▸ EXERCISE GOAL
Only the lines from the start of the entries through the line with "一見慢性的アプライアンスJason Body Wash" are wanted; please output them exactly.

──────── SOURCE RECORDS ────────

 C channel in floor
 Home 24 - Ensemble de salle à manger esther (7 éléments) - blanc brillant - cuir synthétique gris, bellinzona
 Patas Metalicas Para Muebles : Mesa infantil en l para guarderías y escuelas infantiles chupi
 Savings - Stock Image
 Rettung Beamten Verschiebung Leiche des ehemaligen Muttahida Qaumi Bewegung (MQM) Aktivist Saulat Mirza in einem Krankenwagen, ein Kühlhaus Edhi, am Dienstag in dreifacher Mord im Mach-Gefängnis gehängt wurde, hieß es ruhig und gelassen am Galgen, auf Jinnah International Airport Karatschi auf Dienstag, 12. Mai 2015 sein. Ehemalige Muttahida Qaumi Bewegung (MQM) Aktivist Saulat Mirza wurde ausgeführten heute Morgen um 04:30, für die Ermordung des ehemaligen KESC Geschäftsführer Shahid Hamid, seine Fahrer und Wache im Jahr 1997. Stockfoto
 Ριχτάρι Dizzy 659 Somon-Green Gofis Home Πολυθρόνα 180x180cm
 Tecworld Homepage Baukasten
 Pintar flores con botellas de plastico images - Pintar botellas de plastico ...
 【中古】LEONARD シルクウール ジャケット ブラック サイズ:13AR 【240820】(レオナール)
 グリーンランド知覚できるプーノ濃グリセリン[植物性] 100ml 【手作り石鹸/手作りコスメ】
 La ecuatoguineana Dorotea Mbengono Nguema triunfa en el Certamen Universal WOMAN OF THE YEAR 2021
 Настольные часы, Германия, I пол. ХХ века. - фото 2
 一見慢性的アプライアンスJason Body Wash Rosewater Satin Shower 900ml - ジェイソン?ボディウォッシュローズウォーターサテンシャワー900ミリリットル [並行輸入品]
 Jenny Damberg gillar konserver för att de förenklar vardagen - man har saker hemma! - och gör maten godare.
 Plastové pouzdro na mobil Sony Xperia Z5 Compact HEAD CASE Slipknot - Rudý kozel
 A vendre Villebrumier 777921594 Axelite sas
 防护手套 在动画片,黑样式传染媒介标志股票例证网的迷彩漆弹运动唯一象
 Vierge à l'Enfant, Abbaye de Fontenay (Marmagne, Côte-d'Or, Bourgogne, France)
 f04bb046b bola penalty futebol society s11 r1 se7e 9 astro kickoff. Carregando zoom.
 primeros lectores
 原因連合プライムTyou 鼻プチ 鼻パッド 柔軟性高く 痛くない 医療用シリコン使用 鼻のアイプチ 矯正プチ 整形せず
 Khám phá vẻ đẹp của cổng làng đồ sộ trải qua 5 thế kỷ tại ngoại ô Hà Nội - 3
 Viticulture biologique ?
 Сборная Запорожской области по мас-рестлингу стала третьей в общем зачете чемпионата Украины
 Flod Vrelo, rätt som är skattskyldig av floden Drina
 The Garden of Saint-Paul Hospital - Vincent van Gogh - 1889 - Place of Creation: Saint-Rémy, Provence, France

────────

▸ RESPONSE
 C channel in floor
 Home 24 - Ensemble de salle à manger esther (7 éléments) - blanc brillant - cuir synthétique gris, bellinzona
 Patas Metalicas Para Muebles : Mesa infantil en l para guarderías y escuelas infantiles chupi
 Savings - Stock Image
 Rettung Beamten Verschiebung Leiche des ehemaligen Muttahida Qaumi Bewegung (MQM) Aktivist Saulat Mirza in einem Krankenwagen, ein Kühlhaus Edhi, am Dienstag in dreifacher Mord im Mach-Gefängnis gehängt wurde, hieß es ruhig und gelassen am Galgen, auf Jinnah International Airport Karatschi auf Dienstag, 12. Mai 2015 sein. Ehemalige Muttahida Qaumi Bewegung (MQM) Aktivist Saulat Mirza wurde ausgeführten heute Morgen um 04:30, für die Ermordung des ehemaligen KESC Geschäftsführer Shahid Hamid, seine Fahrer und Wache im Jahr 1997. Stockfoto
 Ριχτάρι Dizzy 659 Somon-Green Gofis Home Πολυθρόνα 180x180cm
 Tecworld Homepage Baukasten
 Pintar flores con botellas de plastico images - Pintar botellas de plastico ...
 【中古】LEONARD シルクウール ジャケット ブラック サイズ:13AR 【240820】(レオナール)
 グリーンランド知覚できるプーノ濃グリセリン[植物性] 100ml 【手作り石鹸/手作りコスメ】
 La ecuatoguineana Dorotea Mbengono Nguema triunfa en el Certamen Universal WOMAN OF THE YEAR 2021
 Настольные часы, Германия, I пол. ХХ века. - фото 2
 一見慢性的アプライアンスJason Body Wash Rosewater Satin Shower 900ml - ジェイソン?ボディウォッシュローズウォーターサテンシャワー900ミリリットル [並行輸入品]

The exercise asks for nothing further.